Have you tried using 'target_clones'? See https://stackoverflow.com/questions/71000786/how-to-tell-gccs-target-clones-to-compile-for-all-simd-levels answer.

Looking at your code, once you make these changes, and use 'target_clones', it should solve the problem in clang.

template <unsigned W, unsigned N> struct SIMD {};  // SIMD abstraction

template <> struct SIMD<128, 8> {  // specialization for the specific dimensions
  using Vec = __m128i;
  static Vec add(Vec a, Vec b) { return _mm_add_epi8(a, b); }
  // ...  // many other SIMD methods
};

// ... // many other dimension specializations for different instruction sets

template <unsigned W, unsigned N> class Worker {
  void doComputation(int x) __attribute__((target_clones("default", "sse2", "avx2", "avx512bw")));
};

template <unsigned W, unsigned N>
void Worker<W, N>::doComputation(int x) {
  using S = SIMD<W, N>;
  // ... // do computations using S:: methods
}

// Specializations for different instruction sets
template <>
void Worker<256, 8>::doComputation(int x) {
  // Implementation for AVX2
}

template <>
void Worker<512, 8>::doComputation(int x) {
  // Implementation for AVX-512
}
0
user541686 On

If I understand the question correctly, the premise is wrong—and the answer is in the question itself.

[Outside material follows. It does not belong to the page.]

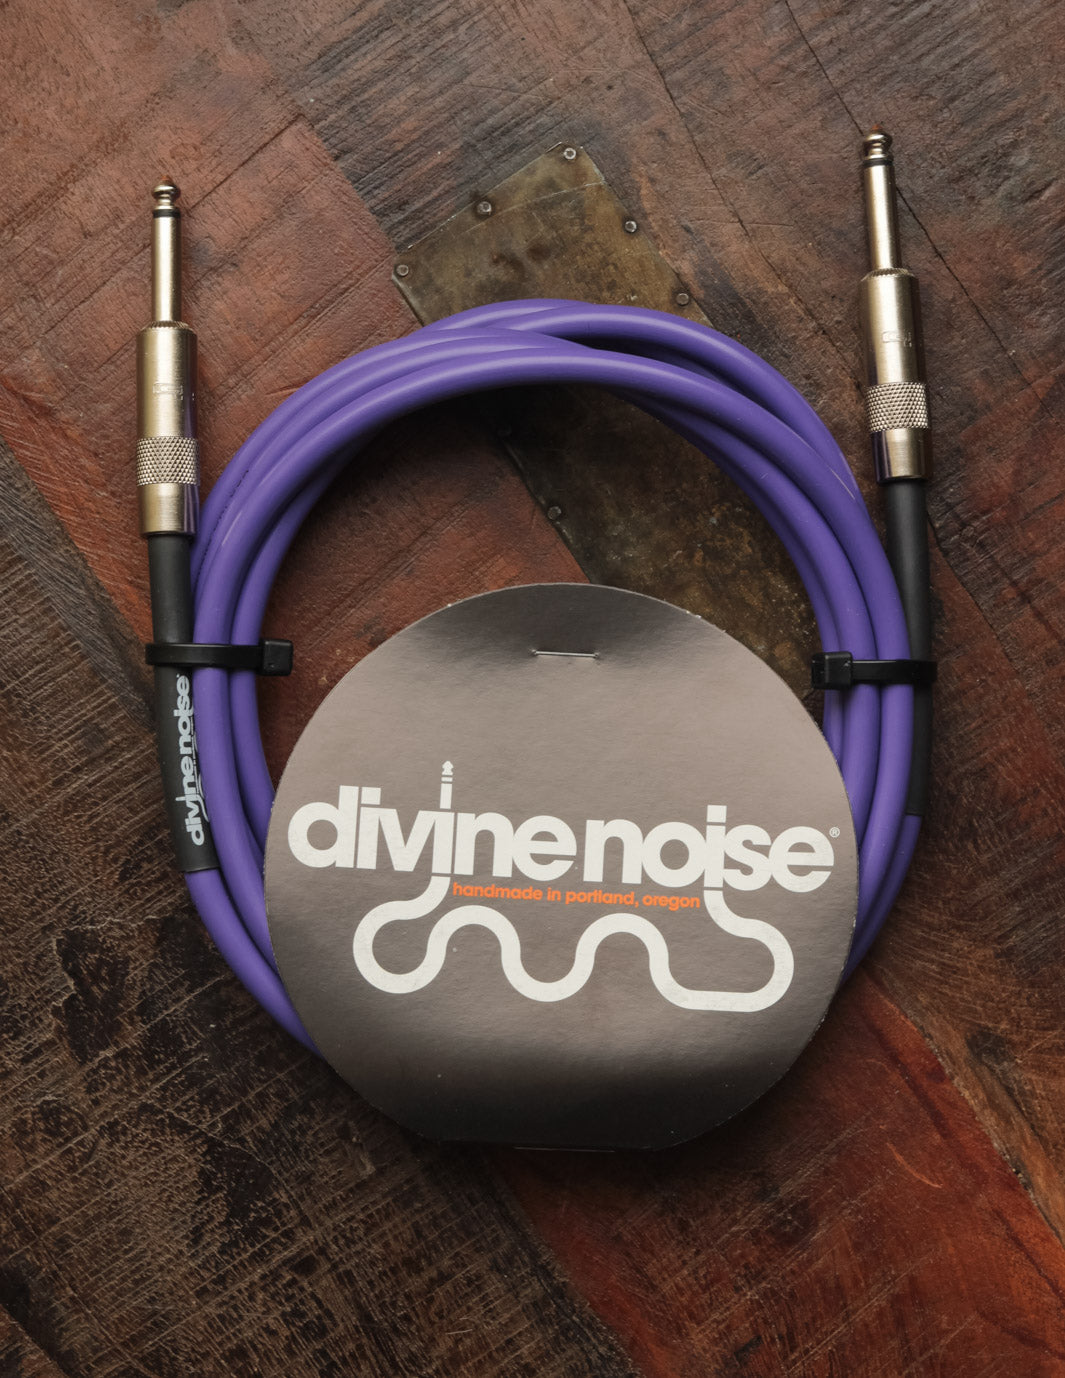 divine noise - handmade cables
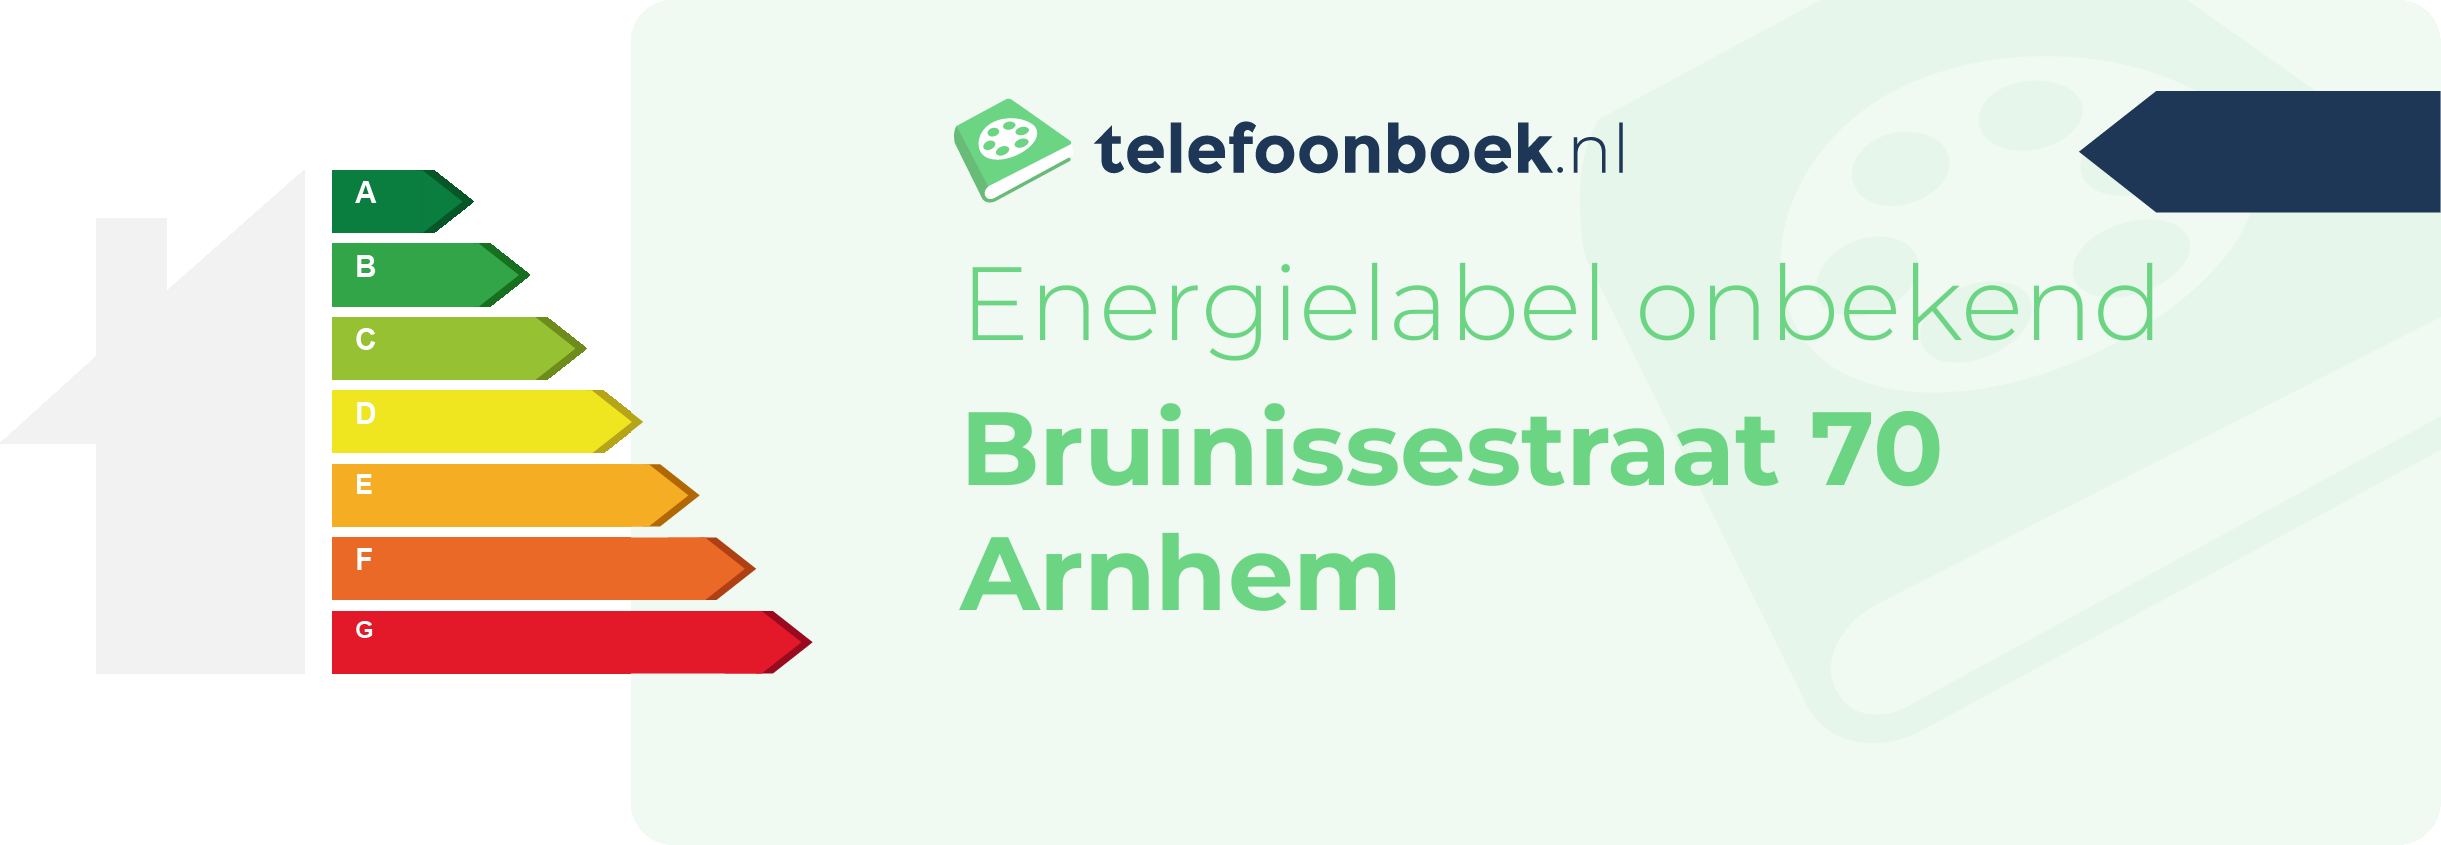 Energielabel Bruinissestraat 70 Arnhem

Namely, the solution is to explicitly instantiate the templates via template __attribute__((target(...))) ..., and it works just fine:

#include <xmmintrin.h>
#include <immintrin.h>

template <unsigned W, unsigned N> struct SIMD {};

template <> struct SIMD<128, 8> {
    using Vec = __m128i;
    __attribute__((always_inline, target("sse4.1"))) static Vec stream_load(void const *p) { return _mm_stream_load_si128(static_cast<Vec const *>(p)); }
    __attribute__((always_inline, target("sse2"))) static void stream(void *p, Vec value) { return _mm_stream_si128(static_cast<Vec *>(p), value); }
};

template <> struct SIMD<256, 8> {
    using Vec = __m256i;
    __attribute__((always_inline, target("avx2"))) static Vec stream_load(void const *p) { return _mm256_stream_load_si256(static_cast<Vec const *>(p)); }
    __attribute__((always_inline, target("avx"))) static void stream(void *p, Vec value) { return _mm256_stream_si256(static_cast<Vec *>(p), value); }
};

template<unsigned W, unsigned N>
struct Worker {
    void doComputation(void *t, void const *p) {
        using S = SIMD<W, N>;
        return S::stream(t, S::stream_load(p));
    }
};

template __attribute__((target("sse2,sse4.1"))) void Worker<128, 8>::doComputation(void *, void const *);
template __attribute__((target("avx,avx2"))) void Worker<256, 8>::doComputation(void *, void const *);

If I'm wrong here, someone please post a non-compiling example.